I don’t remember how much Phyllis told us about the song, but she would have connected it to broader labor issues, and very likely to civil rights. I can still picture her standing in the MBL Club, with all of us sitting in a semi-circle on the floor around her, acting the part of the giant in Pete’s story of “Abiyoyo,” or leading us in “Everybody Loves Saturday Night” — an internationalist children’s ditty, consisting of the title phrase sung in various languages, of which my unreliable memory has retained only one verse, which mutates from Japanese into French…
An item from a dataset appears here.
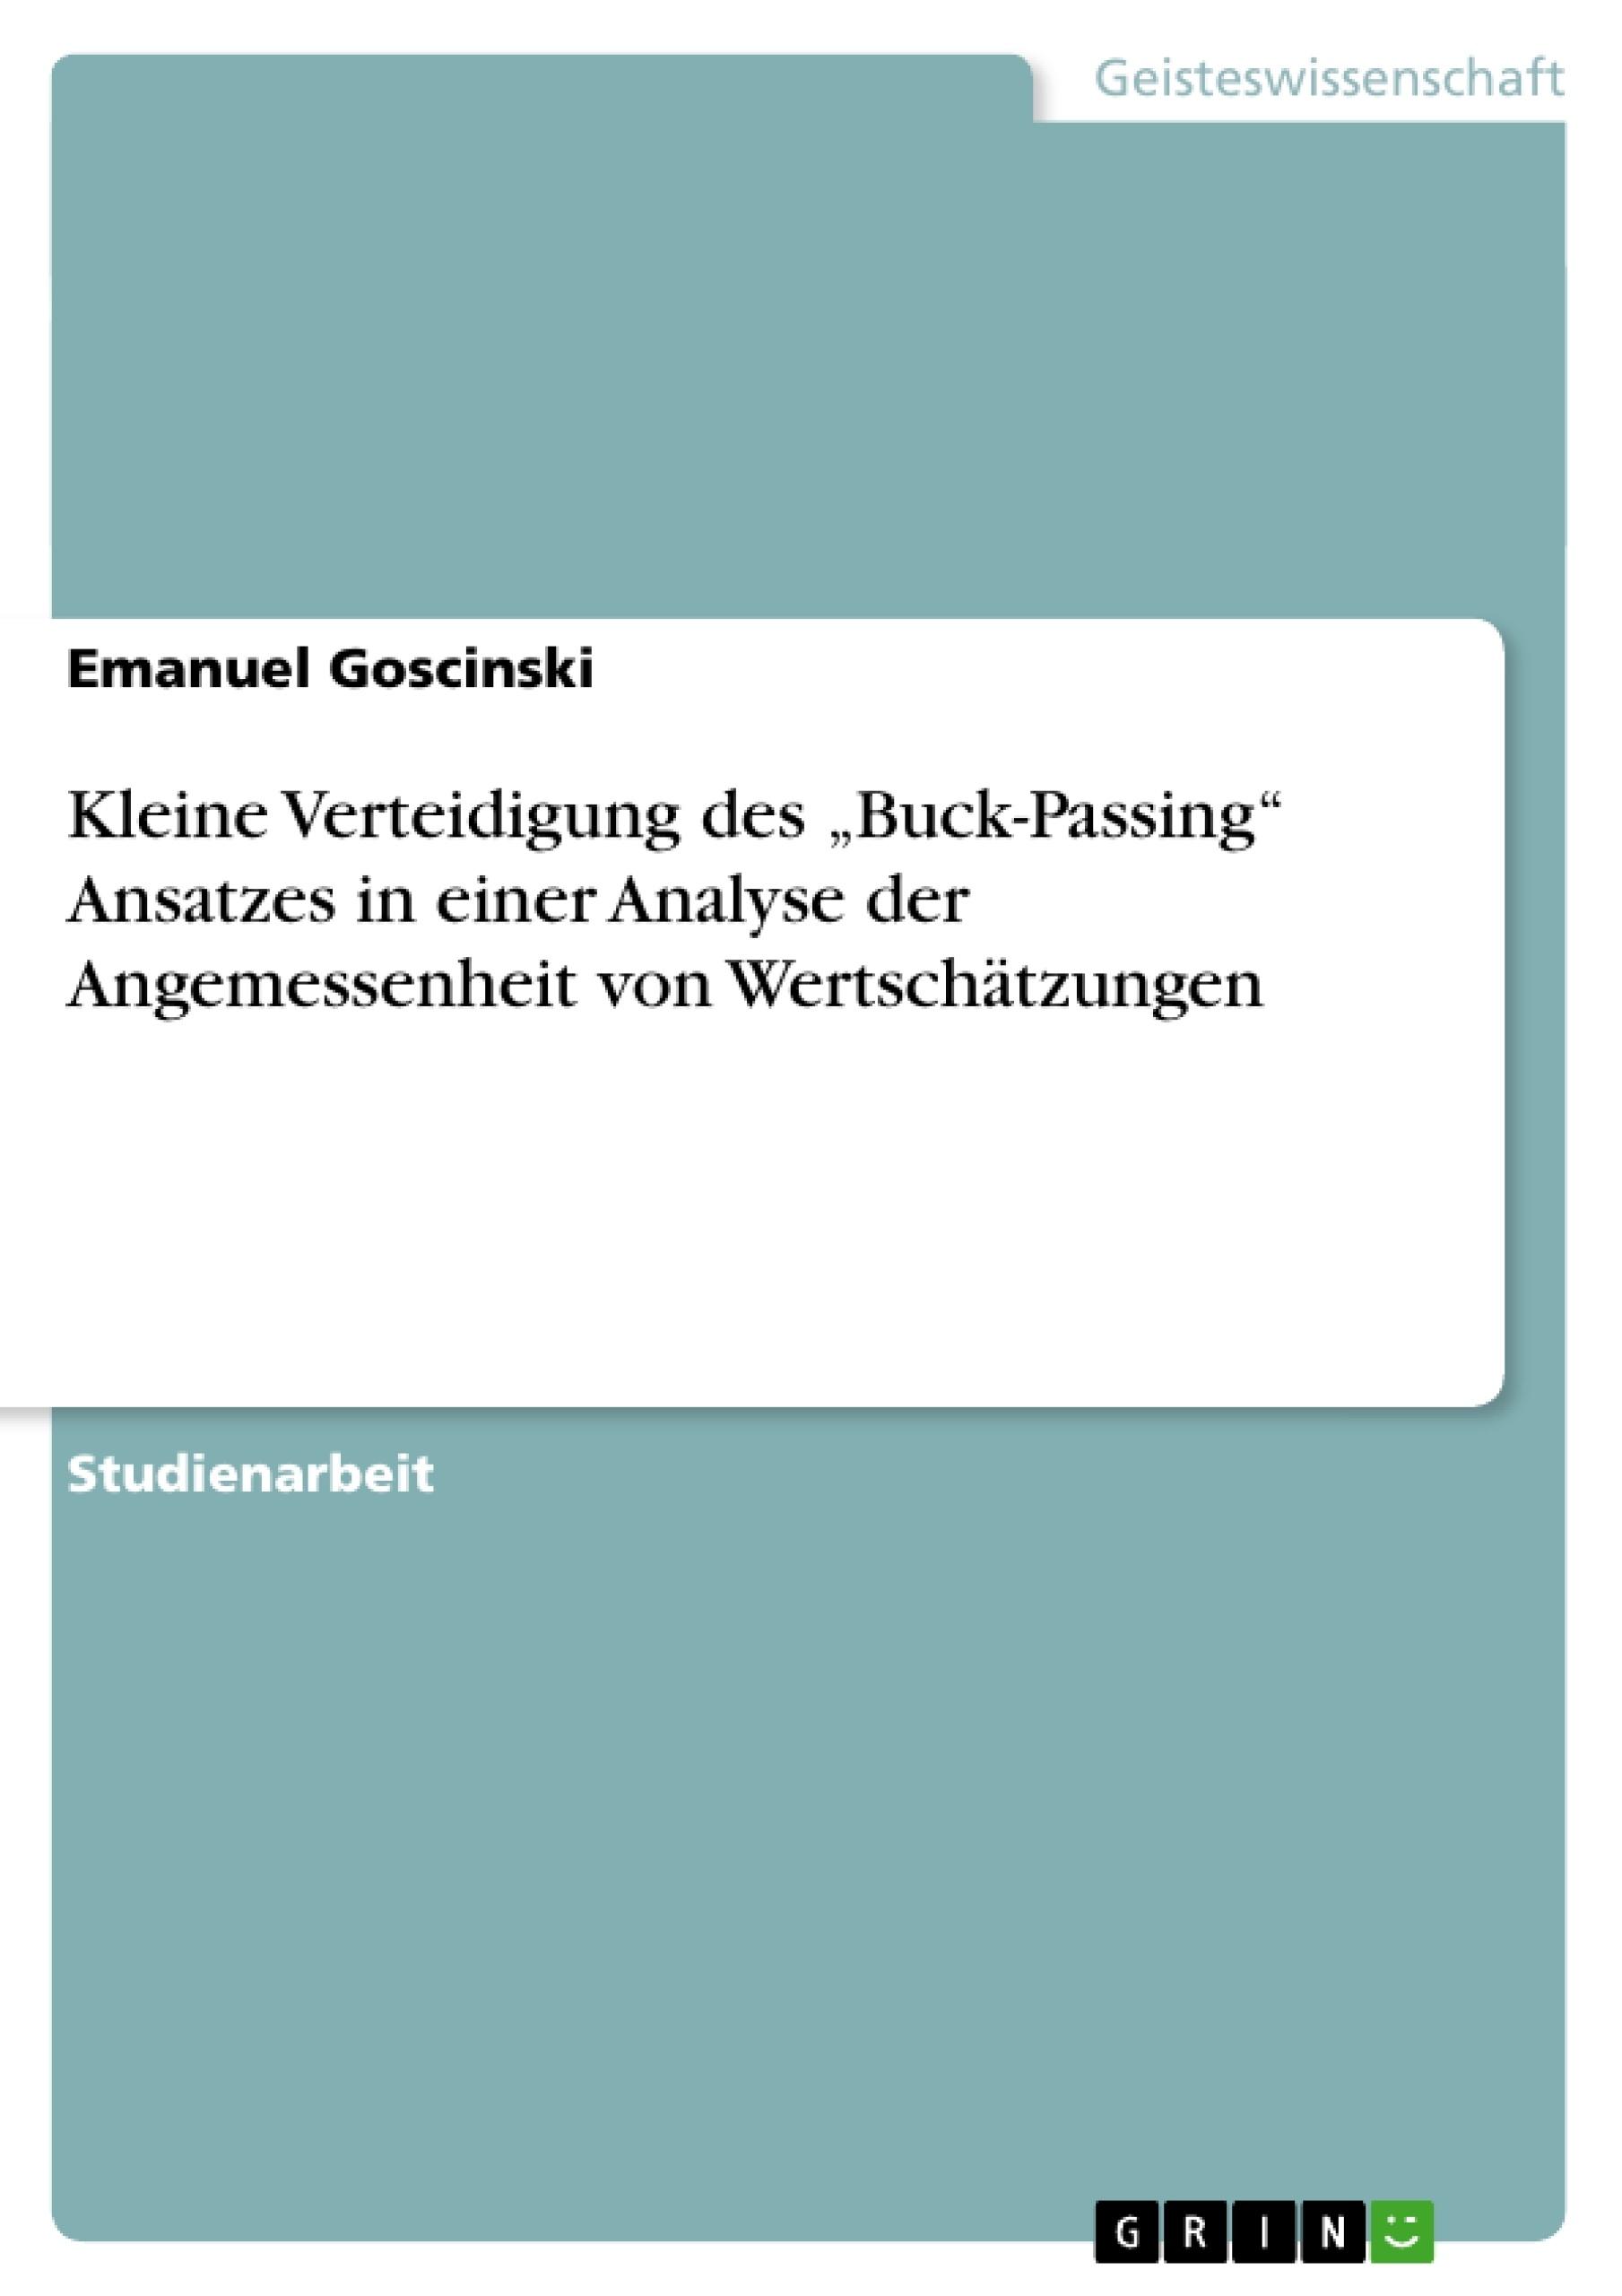 """Titel: Kleine Verteidigung des """"Buck-Passing"""" Ansatzes in einer Analyse der Angemessenheit von Wertschätzungen"""

Phyllis also teamed up with Liz Davis to produce annual Gilbert and Sullivan operettas — the one time I took part, I was part of a Japanese chorus in The Mikado, wearing a black stocking to simulate a pigtail. Not a particularly fond memory, though I still remember a lot of the lyrics, but I owe Phyllis the rest of my life because she took a few of us kids to see a concert by Seeger and ClearwaterPete and the crew of the sloop Clearwater when they docked in Woods Hole for a couple of days. I remember Lou Killen singing a song about soccer (I’m guessing it was “Footba’ Crazy”) and Jimmy Collier and the Rev. Frederick Douglass Kirkpatrick singing “Everybody’s Got a Right to Live.” I don’t remember what Pete sang, but seeing him onstage was what made me decide to be a professional folksinger.

In my memory, I was seven when Phyllis took us to that concert, and it was what first got me into folksinging, but according to the history books it must have been 1969, which means I would have been ten and had already been playing guitar for a couple of years. Maybe Phyllis knew that, and that’s why she took me? In any case, it changed my life, and I am forever in her debt.